In [1]:
# exploratory data analysis for detections
# initial exploratory analysis based on https://www.kaggle.com/artgor/eda-and-models

In [28]:
import os
import pandas as pd
import numpy as np
from sklearn.preprocessing import LabelEncoder

In [25]:
train_identity = pd.read_csv('train_identity.csv')
train_transaction = pd.read_csv('train_transaction.csv')
test_identity = pd.read_csv('test_identity.csv')
test_transaction = pd.read_csv('test_transaction.csv')
sub = pd.read_csv('sample_submission.csv')

In [6]:
train = pd.merge(train_transaction, train_identity, on='TransactionID', how='left')
test = pd.merge(test_transaction, test_identity, on='TransactionID', how='left')
del train_identity, train_transaction, test_identity, test_transaction

In [7]:
train.head()

Unnamed: 0,TransactionID,isFraud,TransactionDT,TransactionAmt,ProductCD,card1,card2,card3,card4,card5,...,id_31,id_32,id_33,id_34,id_35,id_36,id_37,id_38,DeviceType,DeviceInfo
0,2987000,0,86400,68.5,W,13926,,150.0,discover,142.0,...,,,,,,,,,,
1,2987001,0,86401,29.0,W,2755,404.0,150.0,mastercard,102.0,...,,,,,,,,,,
2,2987002,0,86469,59.0,W,4663,490.0,150.0,visa,166.0,...,,,,,,,,,,
3,2987003,0,86499,50.0,W,18132,567.0,150.0,mastercard,117.0,...,,,,,,,,,,
4,2987004,0,86506,50.0,H,4497,514.0,150.0,mastercard,102.0,...,samsung browser 6.2,32.0,2220x1080,match_status:2,T,F,T,T,mobile,SAMSUNG SM-G892A Build/NRD90M


In [8]:
import gc 
gc.collect()

48

In [9]:
print(f'There are {train.isnull().any().sum()} columns in train dataset with missing values.')
one_value_cols = [col for col in train.columns if train[col].nunique() <= 1]
one_value_cols_test = [col for col in test.columns if test[col].nunique() <= 1]
print(f'There are {len(one_value_cols)} columns in train dataset with one unique value.')
print(f'There are {len(one_value_cols_test)} columns in test dataset with one unique value.')

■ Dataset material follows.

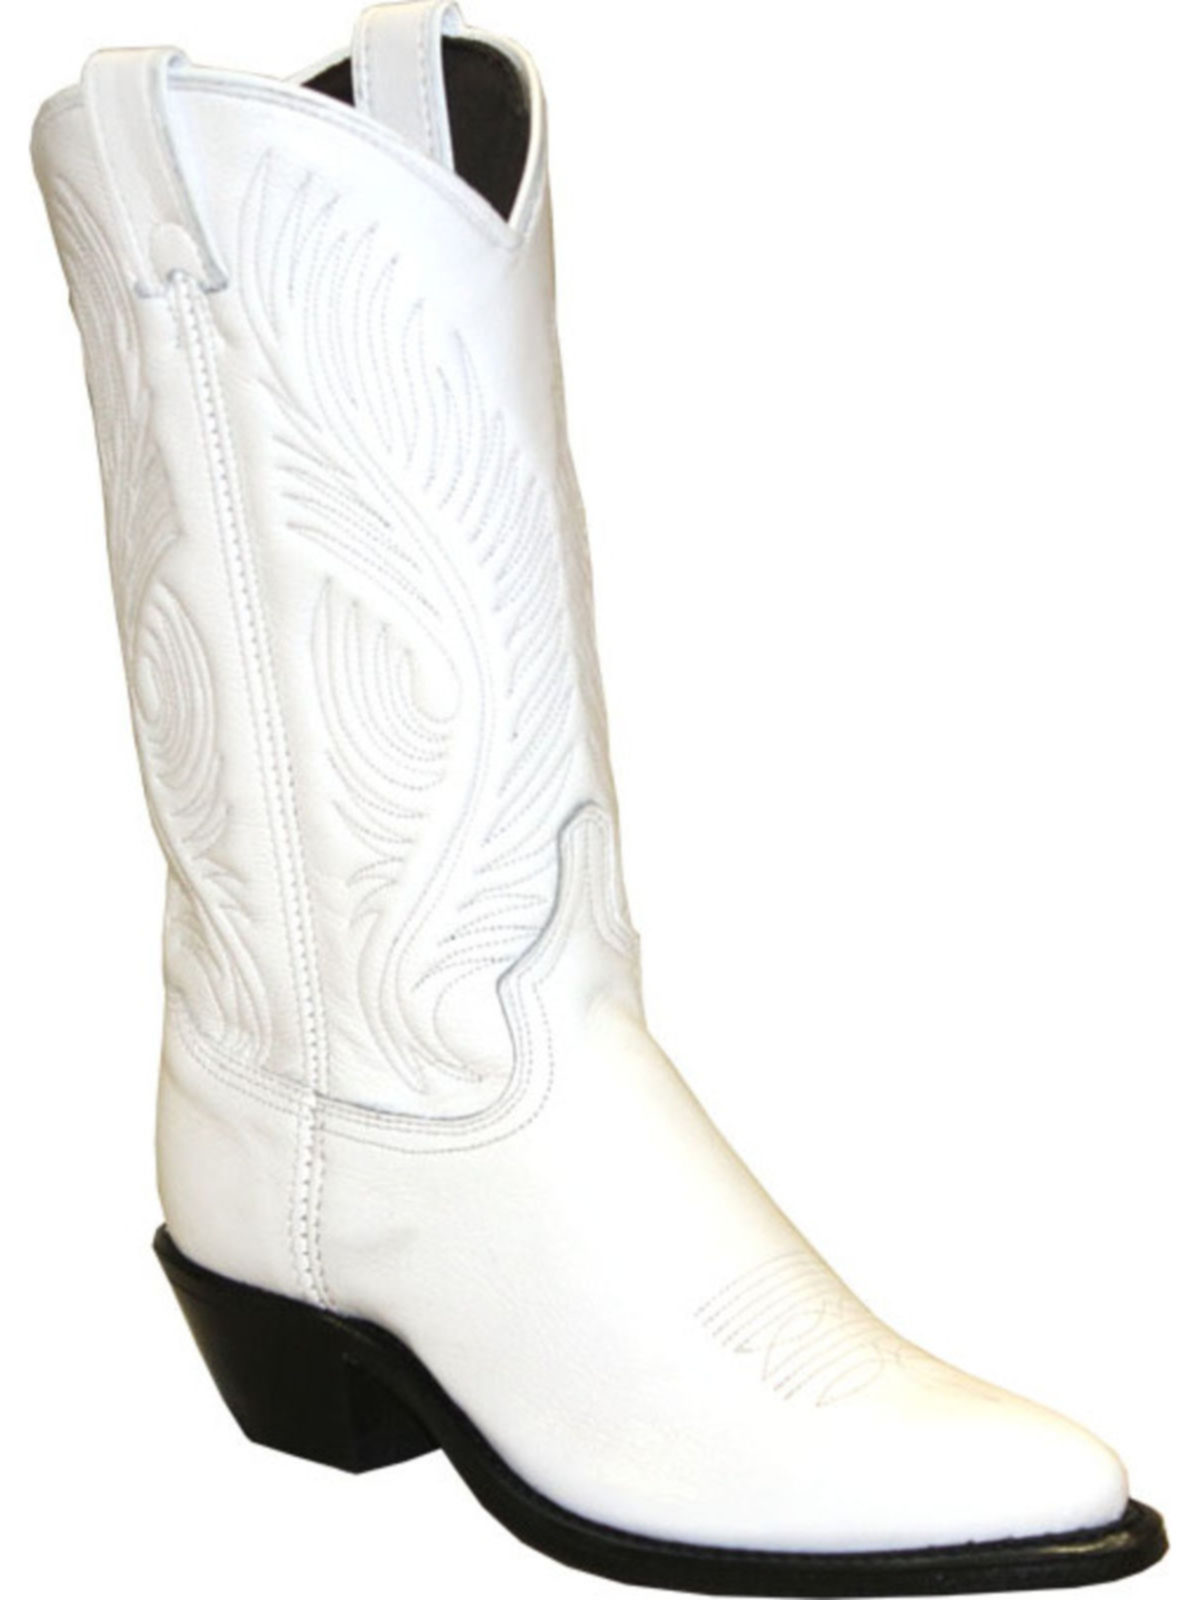 Bootamerica Abilene Womens White Cowhide Cowgirl Boots 9054

There are 414 columns in train dataset with missing values.
There are 0 columns in train dataset with one unique value.
There are 1 columns in test dataset with one unique value.


In [10]:
train['TransactionAmt_to_mean_card1'] = train['TransactionAmt'] / train.groupby(['card1'])['TransactionAmt'].transform('mean')
train['TransactionAmt_to_mean_card4'] = train['TransactionAmt'] / train.groupby(['card4'])['TransactionAmt'].transform('mean')
train['TransactionAmt_to_std_card1'] = train['TransactionAmt'] / train.groupby(['card1'])['TransactionAmt'].transform('std')
train['TransactionAmt_to_std_card4'] = train['TransactionAmt'] / train.groupby(['card4'])['TransactionAmt'].transform('std')

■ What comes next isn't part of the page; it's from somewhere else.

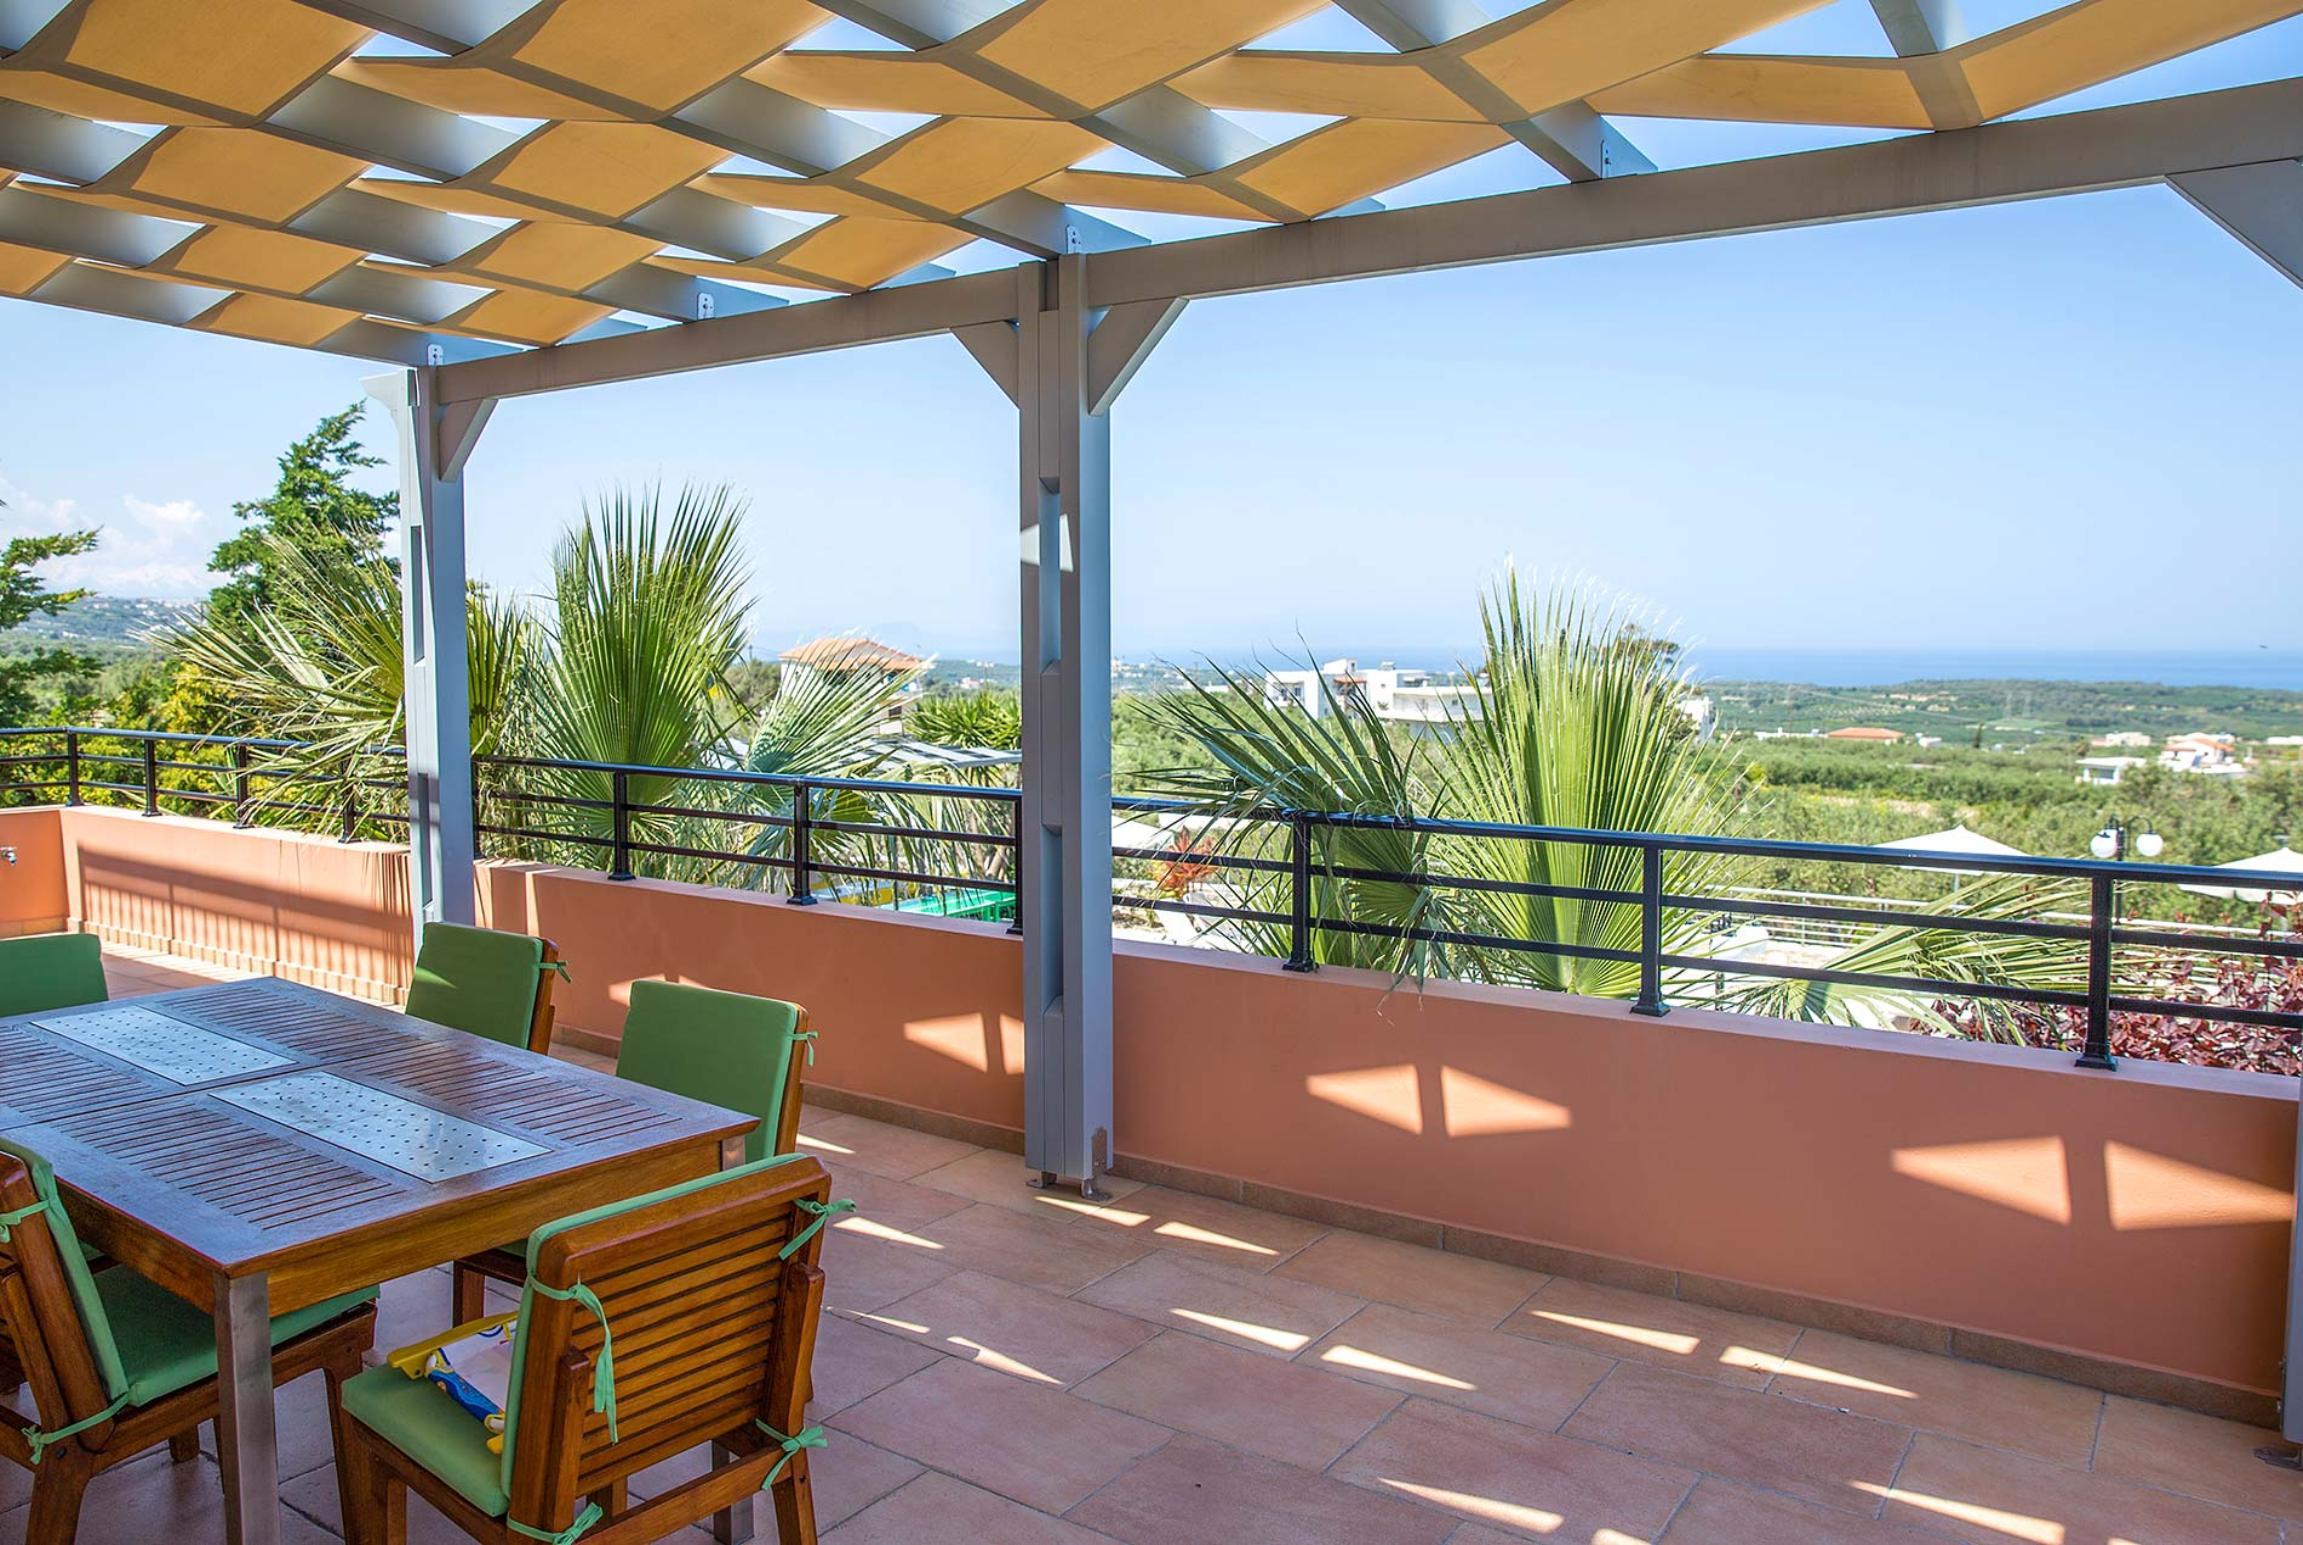 Ferienhaus Kyveli (2654321), Rethymno, Kreta Nordküste, Kreta, Griechenland, Bild 23

test['TransactionAmt_to_mean_card1'] = test['TransactionAmt'] / test.groupby(['card1'])['TransactionAmt'].transform('mean')
test['TransactionAmt_to_mean_card4'] = test['TransactionAmt'] / test.groupby(['card4'])['TransactionAmt'].transform('mean')
test['TransactionAmt_to_std_card1'] = test['TransactionAmt'] / test.groupby(['card1'])['TransactionAmt'].transform('std')
test['TransactionAmt_to_std_card4'] = test['TransactionAmt'] / test.groupby(['card4'])['TransactionAmt'].transform('std')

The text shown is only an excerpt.